_TASK ITEM_: Transcribe the lines below verbatim, skipping the images.

_PROVIDED MATERIAL_:
______

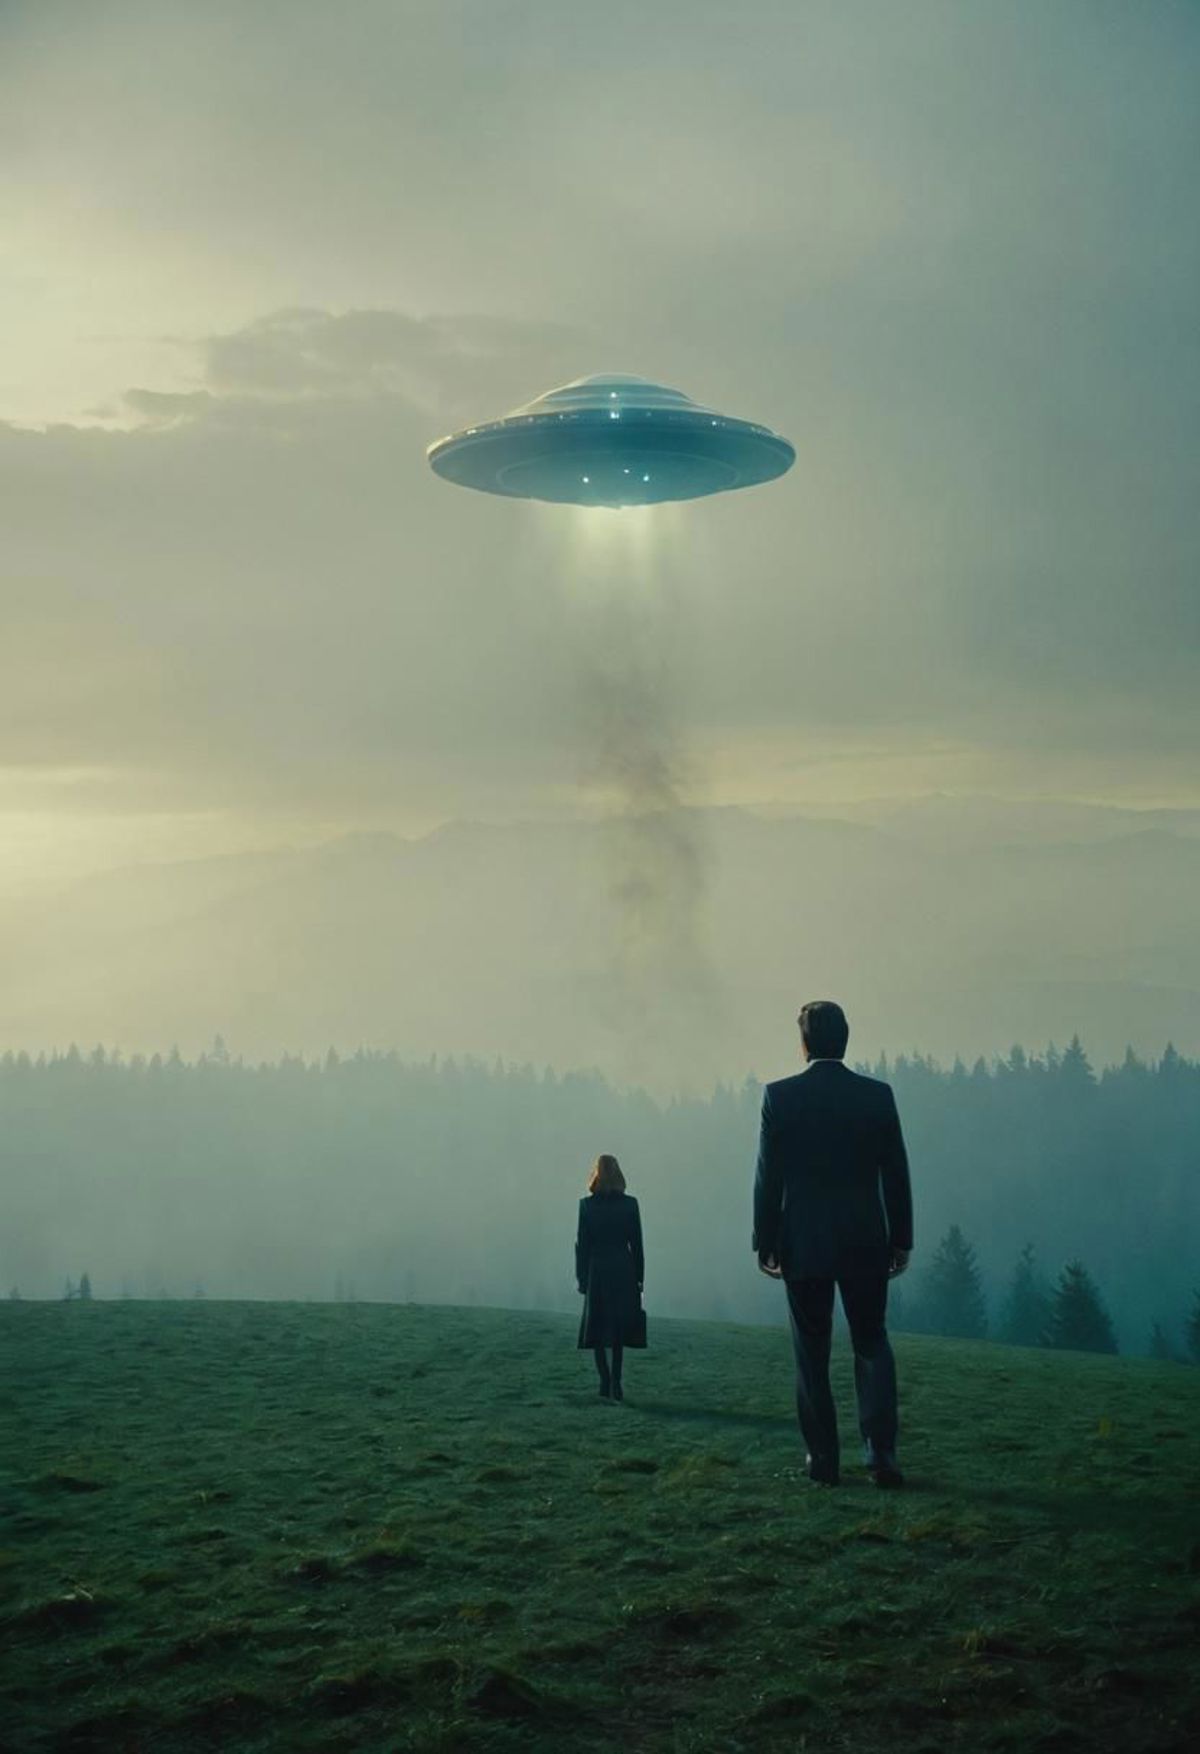 A man and a woman standing in a grassy field looking at a UFO in the sky.
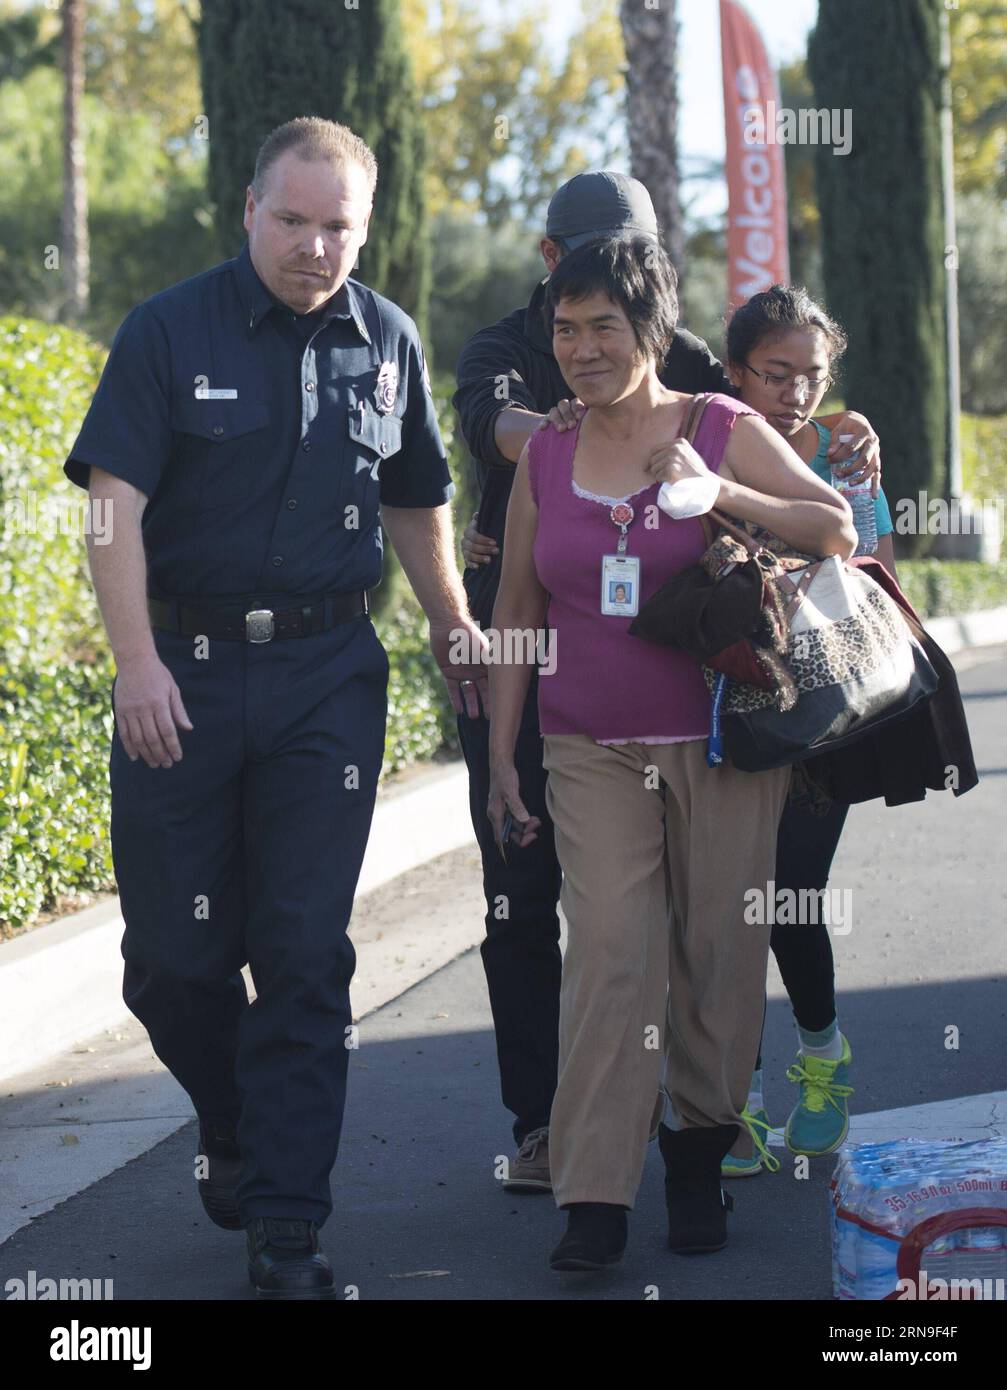 (151203) -- LOS ANGELES, Dec. 3, 2015 -- A survivor (R) of the mass shooting at the Inland Regional Center meets her family after police questioning in San Bernardino City of Southern California, the United States, Dec. 2, 2015. One suspect was gunned down and one in custody Wednesday afternoon after a shooting killed at least 14 people and injured 14 others in San Bernardino, local media reported. ) (zw) U.S.-SAN BERNARDINO-SHOOTING YangxLei PUBLICATIONxNOTxINxCHN   Los Angeles DEC 3 2015 a Survivor r of The Mass Shooting AT The Domestically Regional Center Meets her Family After Police Quest Stock Photo
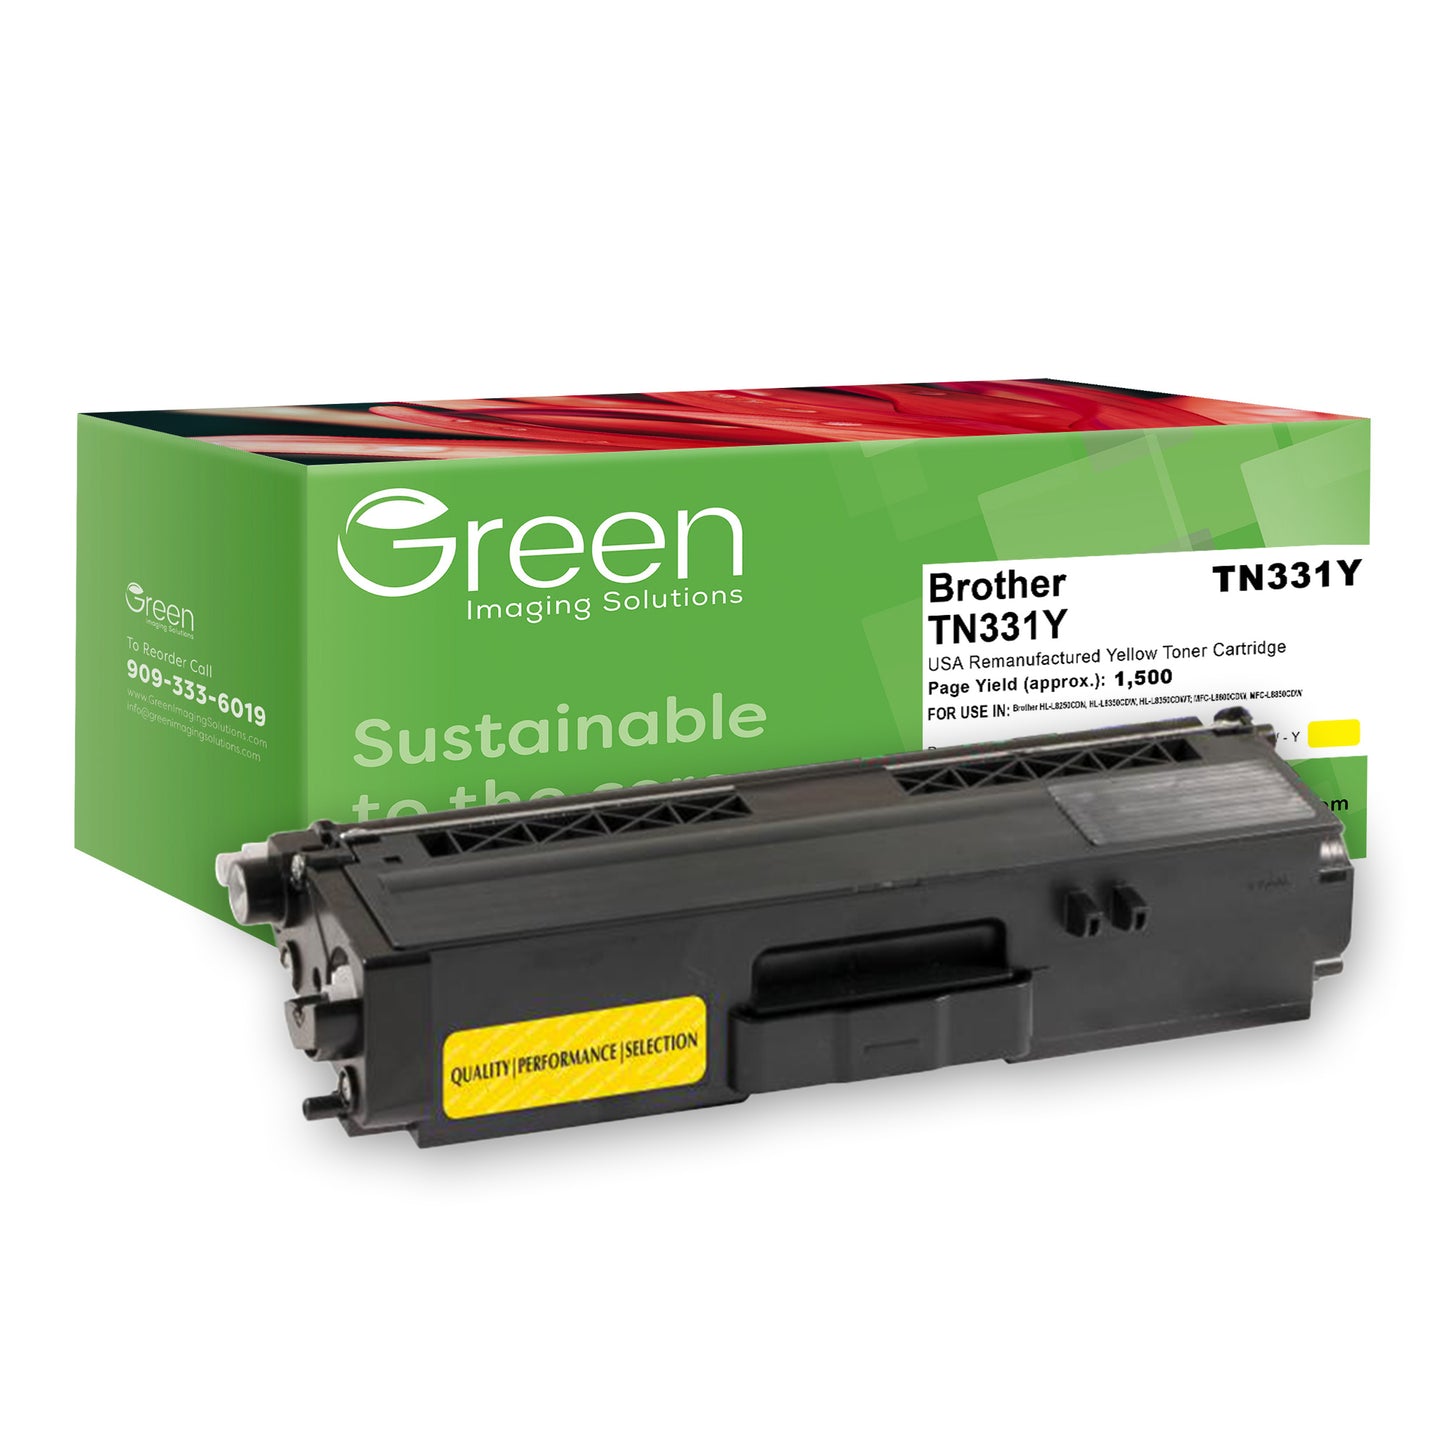 Green Imaging Solutions USA Remanufactured Yellow Toner Cartridge for Brother TN331

______

_OUTPUT FOR THIS TASK_:
 A man and a woman standing in a grassy field looking at a UFO in the sky.
 (151203) -- LOS ANGELES, Dec. 3, 2015 -- A survivor (R) of the mass shooting at the Inland Regional Center meets her family after police questioning in San Bernardino City of Southern California, the United States, Dec. 2, 2015. One suspect was gunned down and one in custody Wednesday afternoon after a shooting killed at least 14 people and injured 14 others in San Bernardino, local media reported. ) (zw) U.S.-SAN BERNARDINO-SHOOTING YangxLei PUBLICATIONxNOTxINxCHN   Los Angeles DEC 3 2015 a Survivor r of The Mass Shooting AT The Domestically Regional Center Meets her Family After Police Quest Stock Photo
 Green Imaging Solutions USA Remanufactured Yellow Toner Cartridge for Brother TN331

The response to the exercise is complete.